**What to produce:** In the listing below, locate the line that contains "Windows Update 2015年10月分インストール後、再起動" and the line that contains "1920s Italian Art". Restate word for word those two lines and every line between them, and nothing else.

BEGIN

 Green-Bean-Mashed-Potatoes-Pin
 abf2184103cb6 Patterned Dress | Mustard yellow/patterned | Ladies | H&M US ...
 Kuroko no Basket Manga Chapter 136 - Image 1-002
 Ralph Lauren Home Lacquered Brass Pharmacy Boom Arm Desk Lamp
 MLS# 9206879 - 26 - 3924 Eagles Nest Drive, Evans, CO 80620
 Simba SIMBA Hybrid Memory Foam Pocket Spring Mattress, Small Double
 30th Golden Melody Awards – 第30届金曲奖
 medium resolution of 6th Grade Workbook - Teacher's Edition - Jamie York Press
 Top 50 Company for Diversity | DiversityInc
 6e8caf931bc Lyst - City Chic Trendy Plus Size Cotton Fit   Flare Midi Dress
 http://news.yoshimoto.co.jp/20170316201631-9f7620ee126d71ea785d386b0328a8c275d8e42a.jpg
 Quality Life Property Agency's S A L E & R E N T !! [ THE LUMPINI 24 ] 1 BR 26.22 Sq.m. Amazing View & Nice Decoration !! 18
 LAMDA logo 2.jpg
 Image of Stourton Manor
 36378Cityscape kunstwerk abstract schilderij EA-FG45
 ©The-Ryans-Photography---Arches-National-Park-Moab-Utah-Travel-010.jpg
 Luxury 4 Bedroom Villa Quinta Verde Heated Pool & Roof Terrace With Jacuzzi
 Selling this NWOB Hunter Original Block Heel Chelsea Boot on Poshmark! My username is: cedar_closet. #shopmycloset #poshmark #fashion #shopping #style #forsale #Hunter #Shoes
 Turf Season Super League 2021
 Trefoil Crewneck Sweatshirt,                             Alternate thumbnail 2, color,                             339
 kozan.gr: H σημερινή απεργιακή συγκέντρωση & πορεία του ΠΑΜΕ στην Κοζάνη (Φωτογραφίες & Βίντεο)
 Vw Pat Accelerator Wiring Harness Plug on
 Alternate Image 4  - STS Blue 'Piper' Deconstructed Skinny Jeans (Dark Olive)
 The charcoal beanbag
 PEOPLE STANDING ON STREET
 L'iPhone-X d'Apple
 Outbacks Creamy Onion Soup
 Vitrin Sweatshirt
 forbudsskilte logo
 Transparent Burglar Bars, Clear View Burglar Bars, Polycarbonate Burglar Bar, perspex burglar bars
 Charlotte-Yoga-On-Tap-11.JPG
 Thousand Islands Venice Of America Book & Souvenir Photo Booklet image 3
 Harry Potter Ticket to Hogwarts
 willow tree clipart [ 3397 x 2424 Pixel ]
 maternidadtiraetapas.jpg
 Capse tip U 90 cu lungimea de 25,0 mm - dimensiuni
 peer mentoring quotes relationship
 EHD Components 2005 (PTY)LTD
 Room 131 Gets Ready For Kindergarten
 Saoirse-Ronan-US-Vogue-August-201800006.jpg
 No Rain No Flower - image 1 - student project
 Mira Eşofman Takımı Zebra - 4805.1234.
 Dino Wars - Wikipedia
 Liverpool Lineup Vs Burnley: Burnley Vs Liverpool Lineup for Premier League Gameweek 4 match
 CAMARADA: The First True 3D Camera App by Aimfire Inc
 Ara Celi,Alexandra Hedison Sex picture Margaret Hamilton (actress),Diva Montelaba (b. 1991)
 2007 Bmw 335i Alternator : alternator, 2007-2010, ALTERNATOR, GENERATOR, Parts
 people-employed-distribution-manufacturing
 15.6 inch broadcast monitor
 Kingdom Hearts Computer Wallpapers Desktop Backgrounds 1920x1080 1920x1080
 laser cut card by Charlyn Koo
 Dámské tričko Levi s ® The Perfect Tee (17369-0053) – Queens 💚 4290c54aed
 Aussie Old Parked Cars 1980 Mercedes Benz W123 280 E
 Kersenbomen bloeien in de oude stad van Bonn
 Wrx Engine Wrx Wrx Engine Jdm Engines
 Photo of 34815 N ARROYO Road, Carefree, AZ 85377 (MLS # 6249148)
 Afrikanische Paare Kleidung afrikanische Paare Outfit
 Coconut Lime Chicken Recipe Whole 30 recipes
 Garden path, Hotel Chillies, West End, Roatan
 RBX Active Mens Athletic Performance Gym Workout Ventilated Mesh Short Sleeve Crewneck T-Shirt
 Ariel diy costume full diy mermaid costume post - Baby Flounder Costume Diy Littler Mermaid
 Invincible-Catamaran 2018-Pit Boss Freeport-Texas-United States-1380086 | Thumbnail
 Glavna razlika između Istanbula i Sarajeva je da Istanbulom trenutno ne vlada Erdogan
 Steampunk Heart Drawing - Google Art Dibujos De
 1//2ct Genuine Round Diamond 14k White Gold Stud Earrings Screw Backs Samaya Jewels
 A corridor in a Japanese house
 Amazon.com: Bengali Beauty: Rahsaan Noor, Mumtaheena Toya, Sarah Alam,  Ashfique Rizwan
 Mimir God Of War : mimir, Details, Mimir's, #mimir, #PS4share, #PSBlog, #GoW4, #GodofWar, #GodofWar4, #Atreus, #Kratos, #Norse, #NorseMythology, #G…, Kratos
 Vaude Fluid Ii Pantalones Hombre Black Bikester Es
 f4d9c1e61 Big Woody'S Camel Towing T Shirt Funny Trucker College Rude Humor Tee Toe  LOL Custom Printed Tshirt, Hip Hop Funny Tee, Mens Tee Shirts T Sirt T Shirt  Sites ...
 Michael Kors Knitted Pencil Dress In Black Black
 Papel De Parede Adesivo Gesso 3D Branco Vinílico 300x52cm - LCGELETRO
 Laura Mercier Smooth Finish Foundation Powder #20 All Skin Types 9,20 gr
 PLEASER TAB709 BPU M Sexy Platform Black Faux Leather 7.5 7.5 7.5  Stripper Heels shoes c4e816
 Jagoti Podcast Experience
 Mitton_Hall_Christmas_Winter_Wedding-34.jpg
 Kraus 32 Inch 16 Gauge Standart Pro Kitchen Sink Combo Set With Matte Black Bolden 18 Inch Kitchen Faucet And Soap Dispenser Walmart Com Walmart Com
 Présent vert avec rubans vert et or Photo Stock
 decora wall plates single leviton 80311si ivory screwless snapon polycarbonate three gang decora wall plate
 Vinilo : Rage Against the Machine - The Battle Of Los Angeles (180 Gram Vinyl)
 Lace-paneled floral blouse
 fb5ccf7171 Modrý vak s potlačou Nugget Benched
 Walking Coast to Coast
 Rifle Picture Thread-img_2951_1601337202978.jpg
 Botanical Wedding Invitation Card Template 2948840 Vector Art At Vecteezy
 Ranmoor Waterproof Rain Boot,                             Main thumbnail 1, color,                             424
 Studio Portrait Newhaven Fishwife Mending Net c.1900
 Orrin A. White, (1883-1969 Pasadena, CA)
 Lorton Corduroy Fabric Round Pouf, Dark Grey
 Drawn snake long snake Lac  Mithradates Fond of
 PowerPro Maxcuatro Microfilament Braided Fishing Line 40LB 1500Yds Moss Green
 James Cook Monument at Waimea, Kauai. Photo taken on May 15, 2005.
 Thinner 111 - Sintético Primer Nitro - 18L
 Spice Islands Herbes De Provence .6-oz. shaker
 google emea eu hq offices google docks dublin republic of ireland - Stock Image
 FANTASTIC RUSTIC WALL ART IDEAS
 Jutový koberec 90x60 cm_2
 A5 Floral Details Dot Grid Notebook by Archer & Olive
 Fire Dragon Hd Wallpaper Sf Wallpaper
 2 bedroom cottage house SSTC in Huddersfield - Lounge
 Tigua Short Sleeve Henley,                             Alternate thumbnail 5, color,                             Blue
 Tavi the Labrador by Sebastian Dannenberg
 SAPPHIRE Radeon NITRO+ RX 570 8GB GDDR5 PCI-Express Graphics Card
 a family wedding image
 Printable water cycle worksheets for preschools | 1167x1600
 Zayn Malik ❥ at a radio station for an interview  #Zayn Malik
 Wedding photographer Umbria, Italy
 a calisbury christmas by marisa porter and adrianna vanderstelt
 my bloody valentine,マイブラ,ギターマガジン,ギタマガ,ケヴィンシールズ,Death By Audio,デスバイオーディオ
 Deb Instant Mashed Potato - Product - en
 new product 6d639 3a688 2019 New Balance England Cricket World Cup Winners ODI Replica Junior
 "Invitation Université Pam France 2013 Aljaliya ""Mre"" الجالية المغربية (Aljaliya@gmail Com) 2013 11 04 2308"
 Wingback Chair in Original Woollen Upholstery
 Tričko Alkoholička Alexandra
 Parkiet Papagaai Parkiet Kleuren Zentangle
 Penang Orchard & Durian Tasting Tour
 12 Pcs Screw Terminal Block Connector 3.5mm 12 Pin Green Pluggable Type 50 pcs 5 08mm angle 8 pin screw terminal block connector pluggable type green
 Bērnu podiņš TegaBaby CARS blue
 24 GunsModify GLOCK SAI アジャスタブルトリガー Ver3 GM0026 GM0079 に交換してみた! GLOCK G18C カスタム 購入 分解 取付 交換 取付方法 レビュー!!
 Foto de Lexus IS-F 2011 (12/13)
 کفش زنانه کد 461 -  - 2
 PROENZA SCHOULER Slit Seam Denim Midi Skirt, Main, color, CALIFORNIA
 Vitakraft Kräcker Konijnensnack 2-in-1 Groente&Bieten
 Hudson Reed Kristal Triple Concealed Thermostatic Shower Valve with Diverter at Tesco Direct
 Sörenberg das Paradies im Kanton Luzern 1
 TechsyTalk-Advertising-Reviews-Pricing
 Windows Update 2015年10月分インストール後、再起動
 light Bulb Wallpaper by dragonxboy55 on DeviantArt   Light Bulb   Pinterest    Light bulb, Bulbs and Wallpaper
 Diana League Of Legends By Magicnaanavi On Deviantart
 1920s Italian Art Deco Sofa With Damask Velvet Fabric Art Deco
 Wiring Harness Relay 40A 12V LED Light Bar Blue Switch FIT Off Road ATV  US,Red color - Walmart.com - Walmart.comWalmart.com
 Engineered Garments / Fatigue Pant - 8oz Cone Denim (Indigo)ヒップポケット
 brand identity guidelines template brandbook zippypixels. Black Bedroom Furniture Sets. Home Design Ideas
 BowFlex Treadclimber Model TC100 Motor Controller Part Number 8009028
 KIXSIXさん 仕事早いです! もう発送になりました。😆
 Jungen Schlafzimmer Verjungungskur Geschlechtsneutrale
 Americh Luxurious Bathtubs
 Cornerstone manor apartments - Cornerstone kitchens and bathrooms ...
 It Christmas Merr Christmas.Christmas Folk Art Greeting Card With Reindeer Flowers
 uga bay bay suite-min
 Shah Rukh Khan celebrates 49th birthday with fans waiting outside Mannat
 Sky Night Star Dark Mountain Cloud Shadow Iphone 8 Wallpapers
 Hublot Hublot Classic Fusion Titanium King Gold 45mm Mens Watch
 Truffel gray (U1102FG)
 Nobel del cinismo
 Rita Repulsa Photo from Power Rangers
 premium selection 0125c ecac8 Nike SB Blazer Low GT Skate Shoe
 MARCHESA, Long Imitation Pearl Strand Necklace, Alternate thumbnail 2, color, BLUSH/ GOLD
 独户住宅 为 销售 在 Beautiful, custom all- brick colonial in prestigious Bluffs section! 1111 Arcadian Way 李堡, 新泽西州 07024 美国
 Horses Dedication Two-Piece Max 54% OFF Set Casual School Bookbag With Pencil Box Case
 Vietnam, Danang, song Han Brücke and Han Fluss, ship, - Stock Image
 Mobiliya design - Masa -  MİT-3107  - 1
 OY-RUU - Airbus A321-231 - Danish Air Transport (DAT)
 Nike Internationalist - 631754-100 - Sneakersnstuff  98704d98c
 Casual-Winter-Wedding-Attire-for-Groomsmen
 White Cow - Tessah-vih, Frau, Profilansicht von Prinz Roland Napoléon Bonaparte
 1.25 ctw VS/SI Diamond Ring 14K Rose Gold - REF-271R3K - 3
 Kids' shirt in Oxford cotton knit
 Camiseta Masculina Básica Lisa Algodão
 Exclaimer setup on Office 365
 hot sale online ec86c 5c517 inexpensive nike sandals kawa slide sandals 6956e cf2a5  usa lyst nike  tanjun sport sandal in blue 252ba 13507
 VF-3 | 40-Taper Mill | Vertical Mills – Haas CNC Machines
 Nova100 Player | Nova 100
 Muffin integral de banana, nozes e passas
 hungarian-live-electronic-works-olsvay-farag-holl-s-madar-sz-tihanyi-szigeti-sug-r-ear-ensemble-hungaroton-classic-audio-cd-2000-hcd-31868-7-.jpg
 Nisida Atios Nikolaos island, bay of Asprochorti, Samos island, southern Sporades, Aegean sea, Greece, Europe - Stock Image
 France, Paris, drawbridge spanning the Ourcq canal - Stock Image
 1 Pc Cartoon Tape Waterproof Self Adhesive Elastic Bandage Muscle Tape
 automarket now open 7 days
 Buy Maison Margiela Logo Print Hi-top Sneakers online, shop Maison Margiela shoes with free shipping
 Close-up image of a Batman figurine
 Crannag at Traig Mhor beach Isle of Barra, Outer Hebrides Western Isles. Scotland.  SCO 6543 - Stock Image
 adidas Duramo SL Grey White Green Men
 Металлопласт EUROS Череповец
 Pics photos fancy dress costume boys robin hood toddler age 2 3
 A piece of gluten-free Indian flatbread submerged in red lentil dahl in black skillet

END

**Response box:**
 Windows Update 2015年10月分インストール後、再起動
 light Bulb Wallpaper by dragonxboy55 on DeviantArt   Light Bulb   Pinterest    Light bulb, Bulbs and Wallpaper
 Diana League Of Legends By Magicnaanavi On Deviantart
 1920s Italian Art Deco Sofa With Damask Velvet Fabric Art Deco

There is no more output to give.